1. DEFINITION OF TAXATION

Taxes is a compulsory contribution by the public authorities. It is the major source of


government. In other words, taxes are levied by governments primarily as a means of raising
revenues to finance operations of government. For examples, income tax, road tax, corporate
tax and sales tax. Taxes consist of direct tax and indirect tax. A tax is not a voluntary payment
or donation, but an enforced contribution obtain in accordance to legislative authority.

2. FOUR OBJECTIVES OF TAXATION 10M

One of the objectives of taxation is redistribution of income. The distributive goals are
usually sought through the use of progressive rate structures, the imposition of high taxes on
those with greater ability to pay. Higher tax rates on higher-income individuals may limit their
accrual of wealth and may also finance transfers to persons with lesser means. Lower tax rates
on lower-income individuals correspondingly represent an attempt to provide them with
government services at little cost.

Other than that is equality. Equity among equals means that those with equal ability to pay
taxes, all other things being equal, should pay the same tax. In case of income tax, for example,
this principle suggests that those with equal incomes should pay equal income tax.

Besides, Price Stability is also one of the objective of taxation.

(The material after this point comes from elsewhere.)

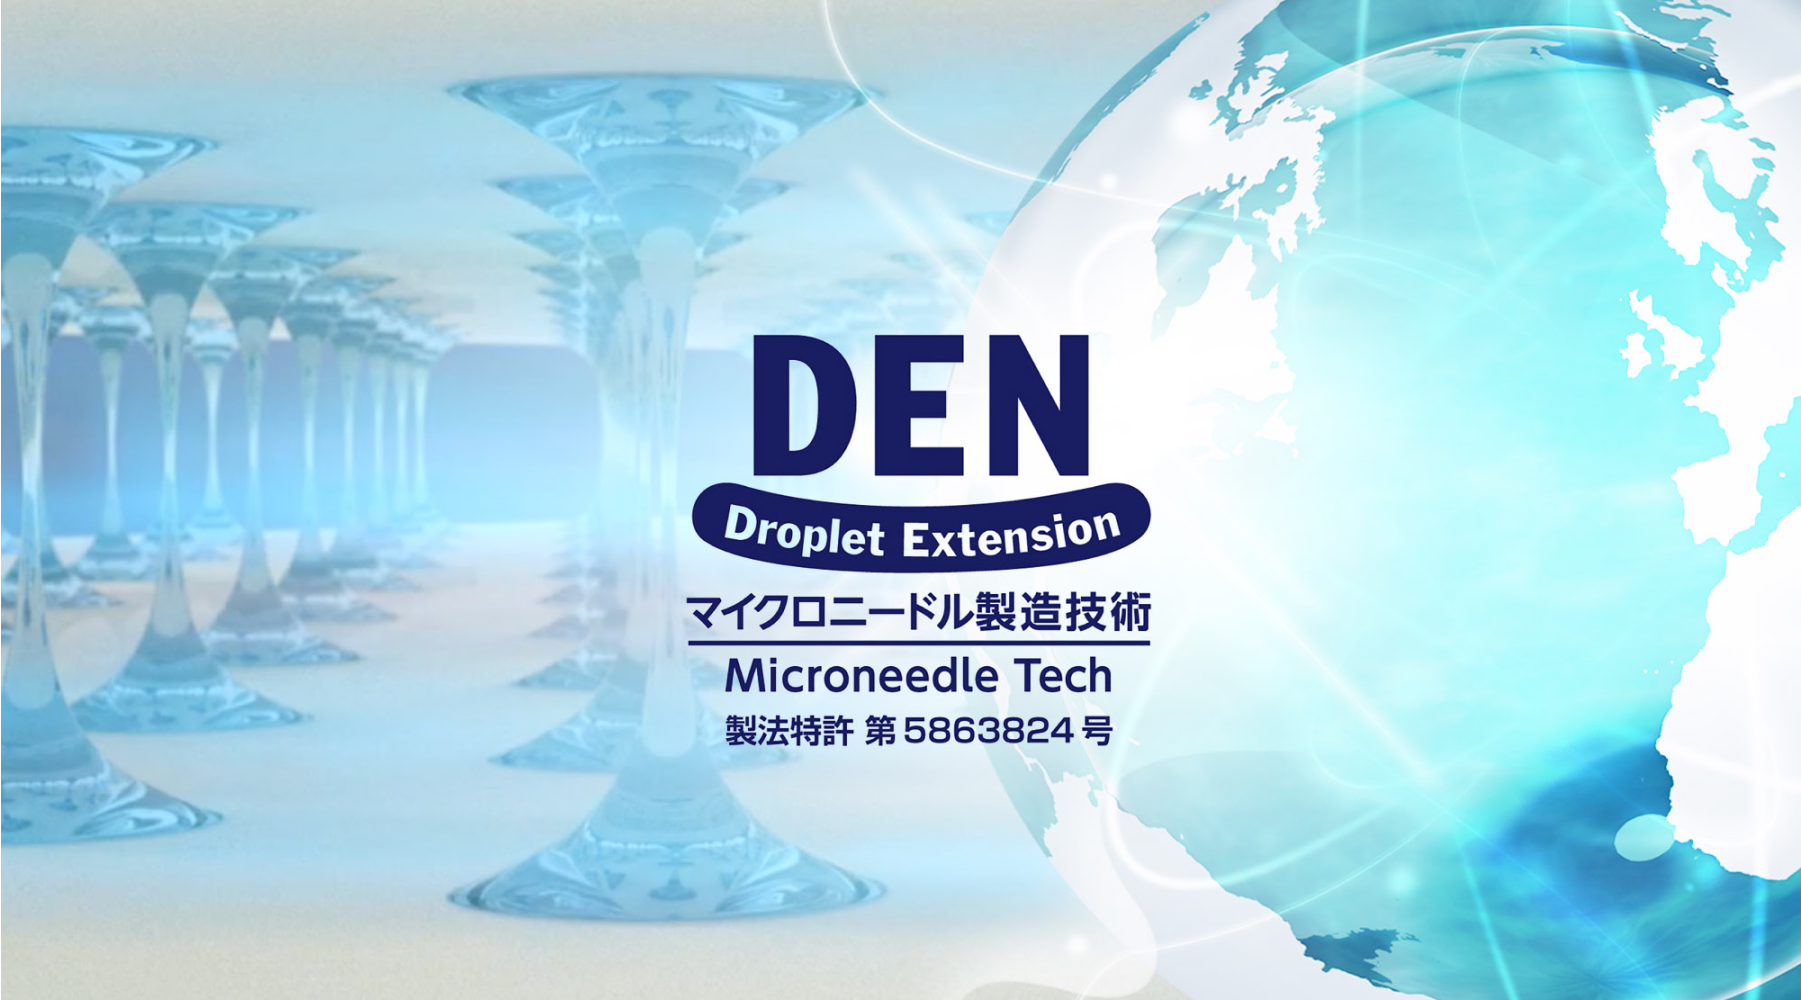 DEN Droplet Extension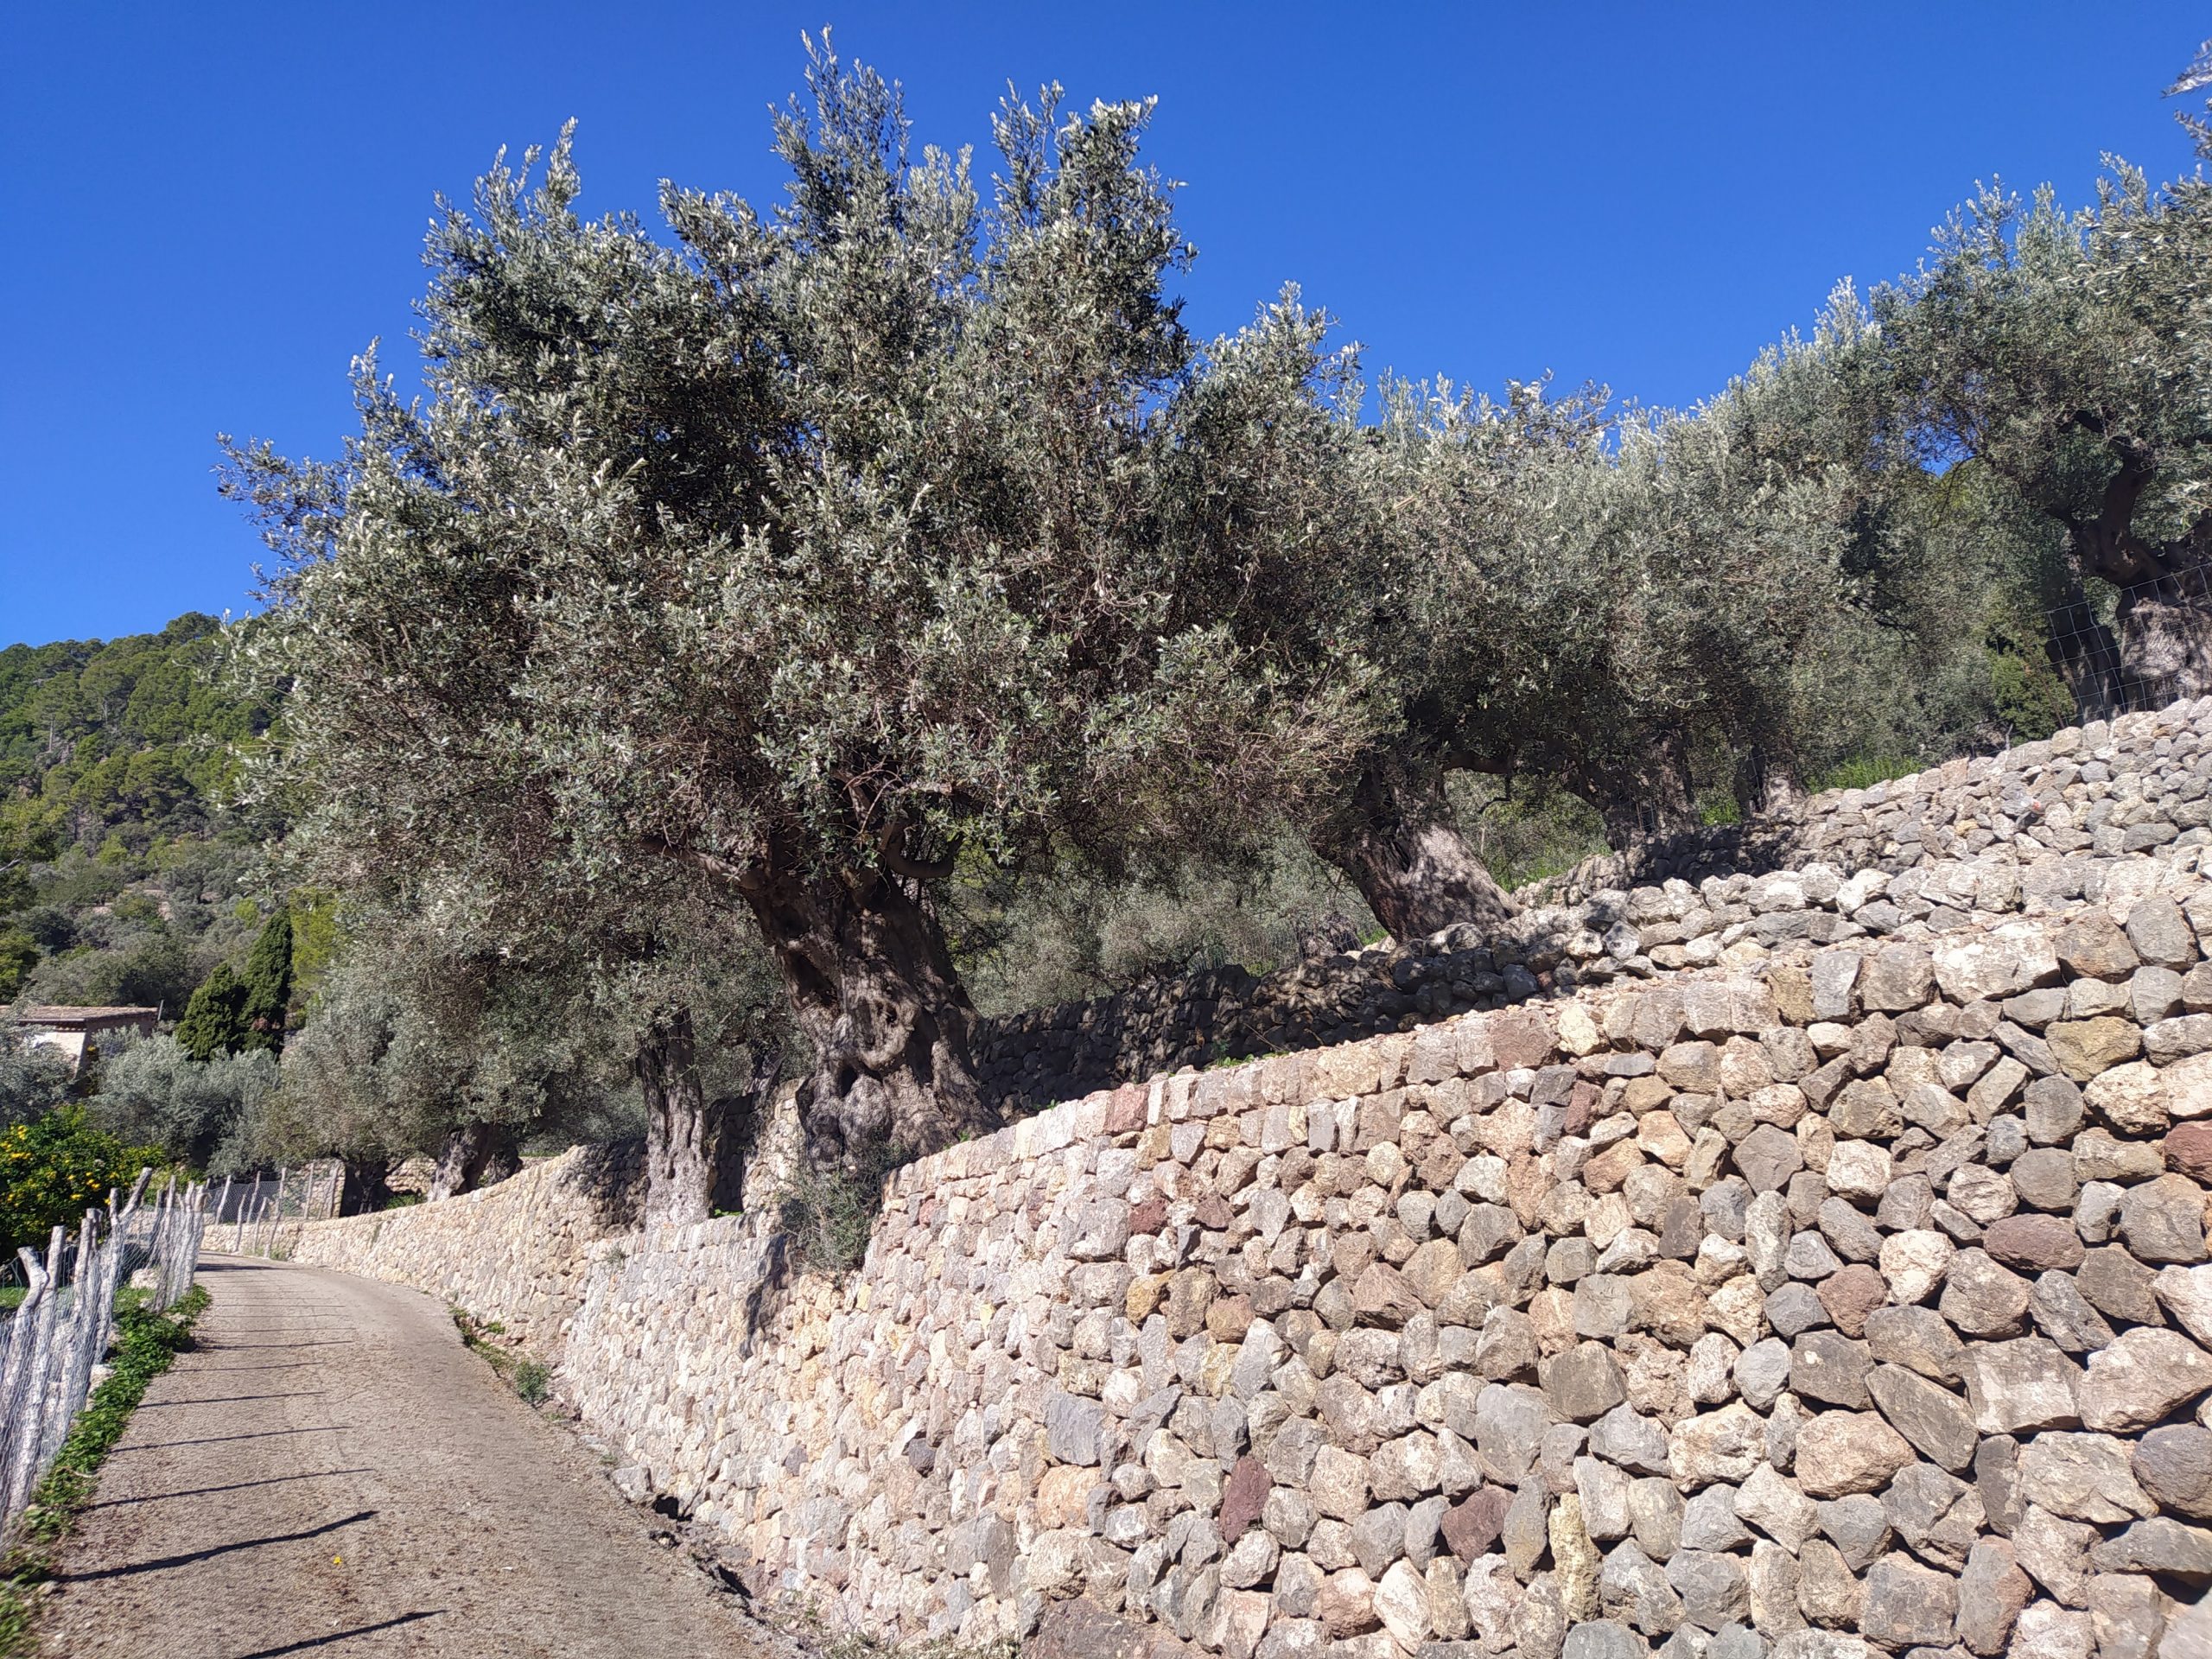 Els olivars de Mallorca han tancat una temporada excepcional, amb una producció històrica d’oliva, que els ha permès elaborar milers de litres d’oli en un moment que, precisament, aquest producte ha tocat sostre en el mercat espanyol, amb preus tan elevats que no s’havien vist mai fins ara. Després d’haver fet el càlcul oportú, els olivars adscrits a la Denominació d’Origen Oli de Mallorca han collit una xifra rècord de 6.052.758 quilograms d’oliva, que s’han convertit en 915.319 litres d’oli verjo, amb la garantia de qualitat que proporciona aquest segell. El president d’Oli de Mallorca, Joan Mayol, ha confirmat que es tracta de la producció més elevada en les poc més de dues dècades d’existència de la Denominació d’Origen. “Aquesta temporada hem aconseguit superar les xifres de l’anyada de 2017 i 2018, que varen ser de 5.367.000 quilograms d’oliva i 913.000 litres d’oli”. Mayol ha comentat que el producte ha tengut un rendiment inferior al d’anteriors temporades, però ha qualificat la collita d’excel·lent. Tot i així, s’han batut rècords tant en oliva collida com en oli exprimit, recalca. La meteorologia, a favor Tot això, diu, ha estat possible gràcies a l’ajuda de diversos factors meteorològics. La tempesta Juliette, del febrer de 2023, va ser una injecció molt important d’aigua per a les oliveres, malgrat que en alguns olivars sí que va causar destrosses. Després va arribar una primavera que no va destacar per ser calorosa, un factor que va propiciar que la flor aferràs bé i no se’n perdés gaire. Mayol continua enumerant que l’estiu va ser calorós i va espantar la plaga de la mosca, i que els arbres han tengut humitat suficient en els moments que l’han necessitat. “La conjunció de tots aquests factors ens ha anat a favor”, recalca el president de la Denominació d’Origen. En aquest moment més de 1.100 productors de diferents zones de Mallorca formen part d’aquesta Denominació d’Origen. Sumen més de 4.100 hectàrees de terreny on hi conreen, fonamentalment, les varietats d’oliva mallorquina, arbequina i picual, que són les admeses per la normativa de la Denominació d’Origen. També compten amb una quinzena de tafones autoritzades i amb una vintena d’empreses envasadores del producte. Mallorca viu en aquest moment un boom de producció d’oliva, després de la sembra de noves superfícies arran de l’aparició de la Denominació d’Origen. La superfície de conreu està estabilitzada des de l’any 2018, després d’uns anys de ràpid creixement, tot i que no està estancada i continua creixent lleugerament d’any en any. Tot i tenir en compte aquest factor, la temporada que ara es tanca serà de rècord per l’excel·lent càrrega de fruit dels arbres. Aproximadament el 80% d’aquesta producció quedarà per al consum intern a les Illes Balears, mentre que la resta viatjarà fonamentalment a Alemanya.

Taxation can be used to
ensure price stability. Taxes are regarded as an effective means of controlling inflation. By
raising the rate of direct taxes, private spending can be controlled. Naturally, the pressure on the
commodity market is reduced. But indirect taxes imposed on commodities fuel inflationary
tendencies. High commodity prices, on the one hand, discourage consumption and, on the other
hand, encourage saving. Opposite effect will occur when taxes are lowered down during
deflation.

Furthermore, another objectives of taxation is that taxation assists in reducing


consumption of unwanted goods. Taxes as such can be used as an effective tool to reduce the
consumption of unwanted goods like alcohol. Higher taxes on such goods reduce the
consumption as the price of the product will be very high for the consumers.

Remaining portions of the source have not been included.